I was very glad to receive the paper you sent me from Lord Lansdowne—not only as a token of his lordship’s kind recollection, but also on its own account.

“Should the currency I have proposed be adopted by Government, and accepted to a sufficient extent in Ireland, it will be an effectual cure for the evil, and a more simple one than any other which has been or can be proposed. Whether it will be adopted, is more than I can as yet pretend to say; but they pay serious attention to it, and appearances are not unpromising. I need not say to you, I am sure, how sincere a satisfaction it would afford me, to find that, in the general accommodation, Lord Lansdowne’s particular accommodation, in a matter of such importance to him, were particularly included. I should be much obliged to him and you, for any further documents relative to the subject that may come to hand, or be easily procurable.

“The enormity of the discount spoken of, (10 per cent.—is it not? or thereabouts,) altogether passes my comprehension. A priori, I should have thought the impossibility of the fact demonstrable. The money, if it exists in Ireland, might be brought bodily (I should have said,) for a quarter of the money. It costs but £3, 12s. or thereabouts, per £100, to bring money from Hamburgh, including freight, insurance—everything, as per Lords’ stoppage of the Bank Report, March or April, 1797. I say, if it exists in Ireland, and if it does not exist there, I don’t well see how it is ever to get paid in England. Perhaps the case is, that it does not exist there, and so it becomes necessary that the value should be paid in goods; and that this discount is occasioned by the expenses upon the goods. Not having yet turned my thoughts to this particular branch of the subject, I feel myself as yet quite in the dark. You know it is my way, till I fancy myself to know more, I am always perfectly conscious of knowing a great deal less than other people. If the case should be as above, to be sure my currency can do nothing in it. If there is any money in the country, it will bring it free of expense; but if there is none, to be sure it cannot create it. I wonder how it was with Scotland in former days—soon after the Union, for example. Fifteen lords and forty-five commoners, must, though Scotchmen, have spent something. Any documents about the state of the country banks in Ireland would be highly valuable to me. Whether my currency be adopted or no, country bankers’ paper must be stopped from further increase, on pain of certain bankruptcy: though I cannot tell you exactly on what day, and at what o’clock.

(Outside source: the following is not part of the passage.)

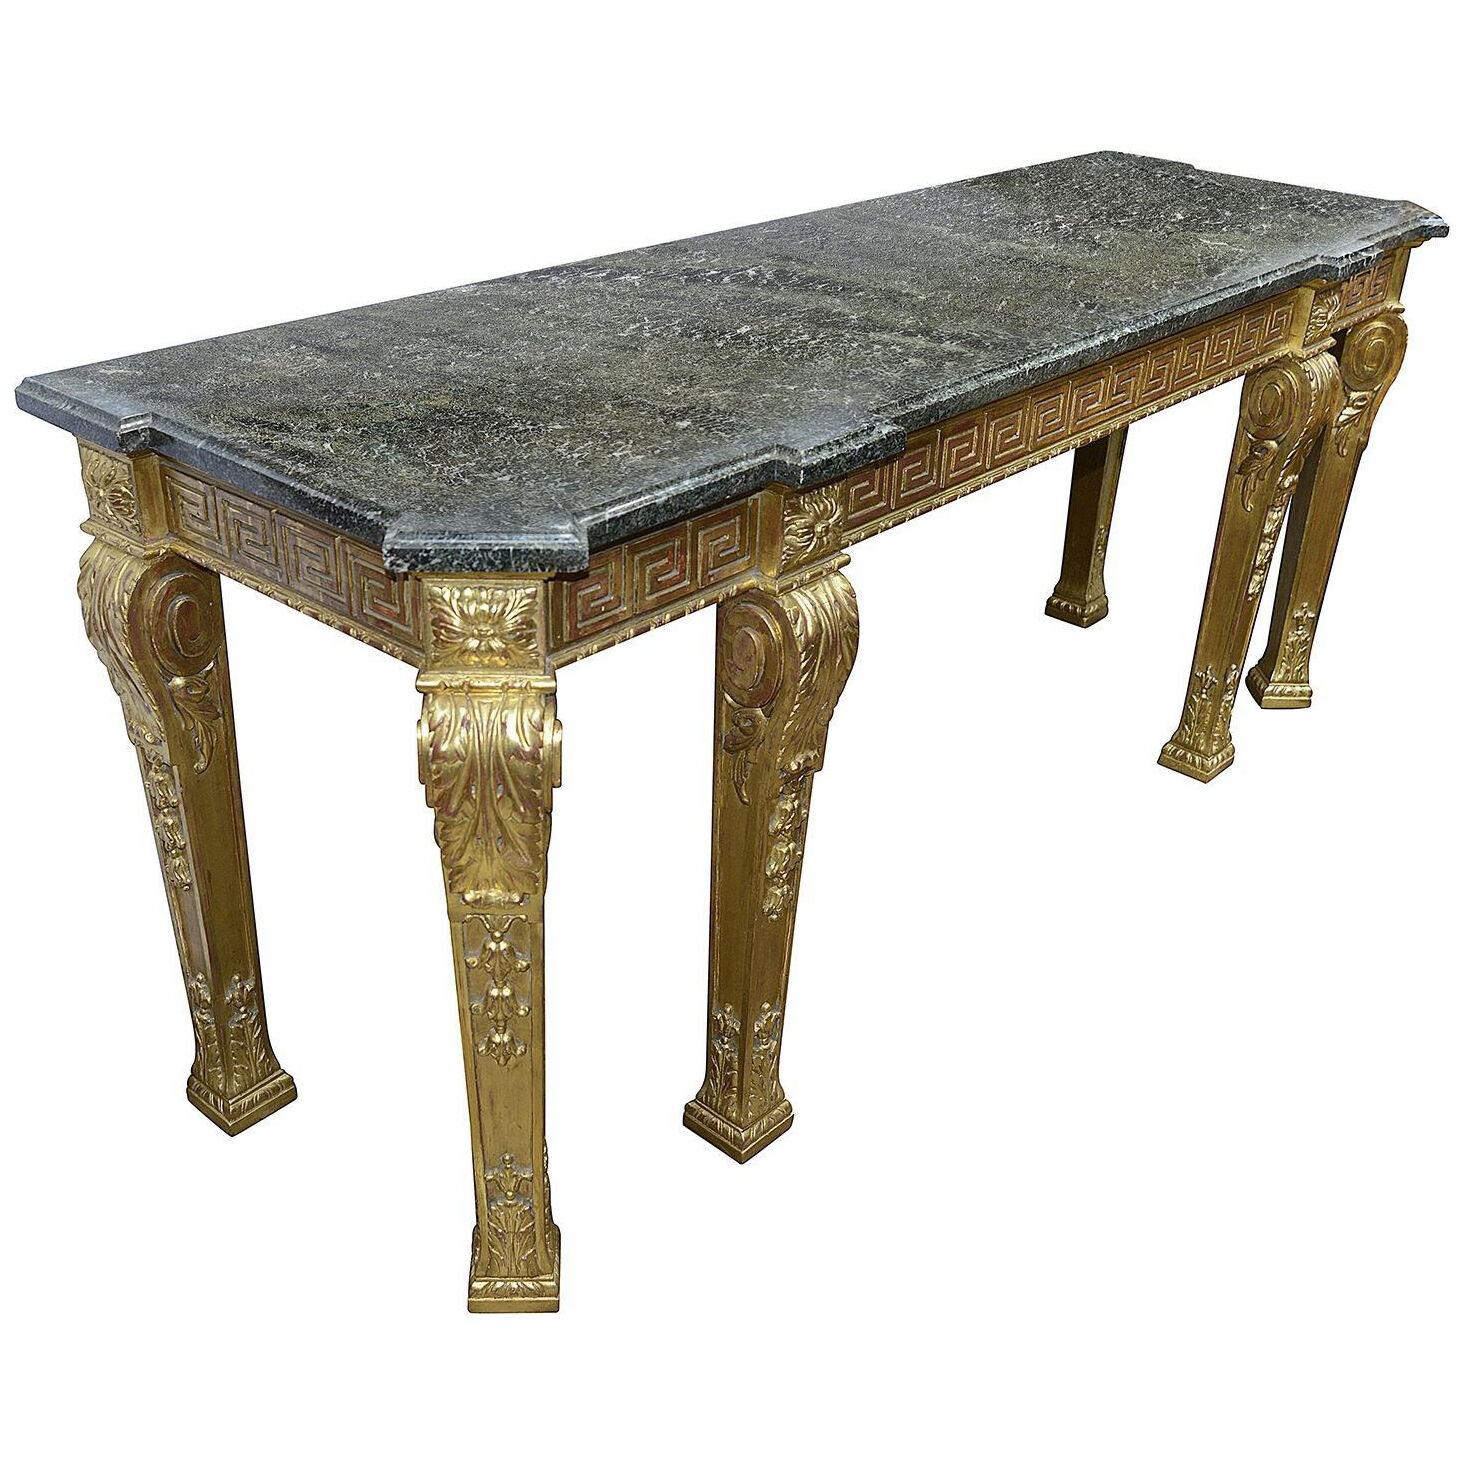 Adam influenced carevd giltwood Console table, by Charles Tozer, London

“P. S. Your letter did not desire an answer, or I would have written one immediately.”

CHAPTER XIV.

1801—2. Æt. 53—4.

Correspondence continued: Robert Watts on Prices; Dumont, with Notices of Talleyrand and French Politics.—Sir William Pulteney and Wilberforce on the Panopticon.—Wilson.—Sir T. M. Eden.—Bentham’s Visit to Paris, Fontanes, Duke de Brancas, Garnier.—Correspondence with Romilly, Trowbridge, and Collins.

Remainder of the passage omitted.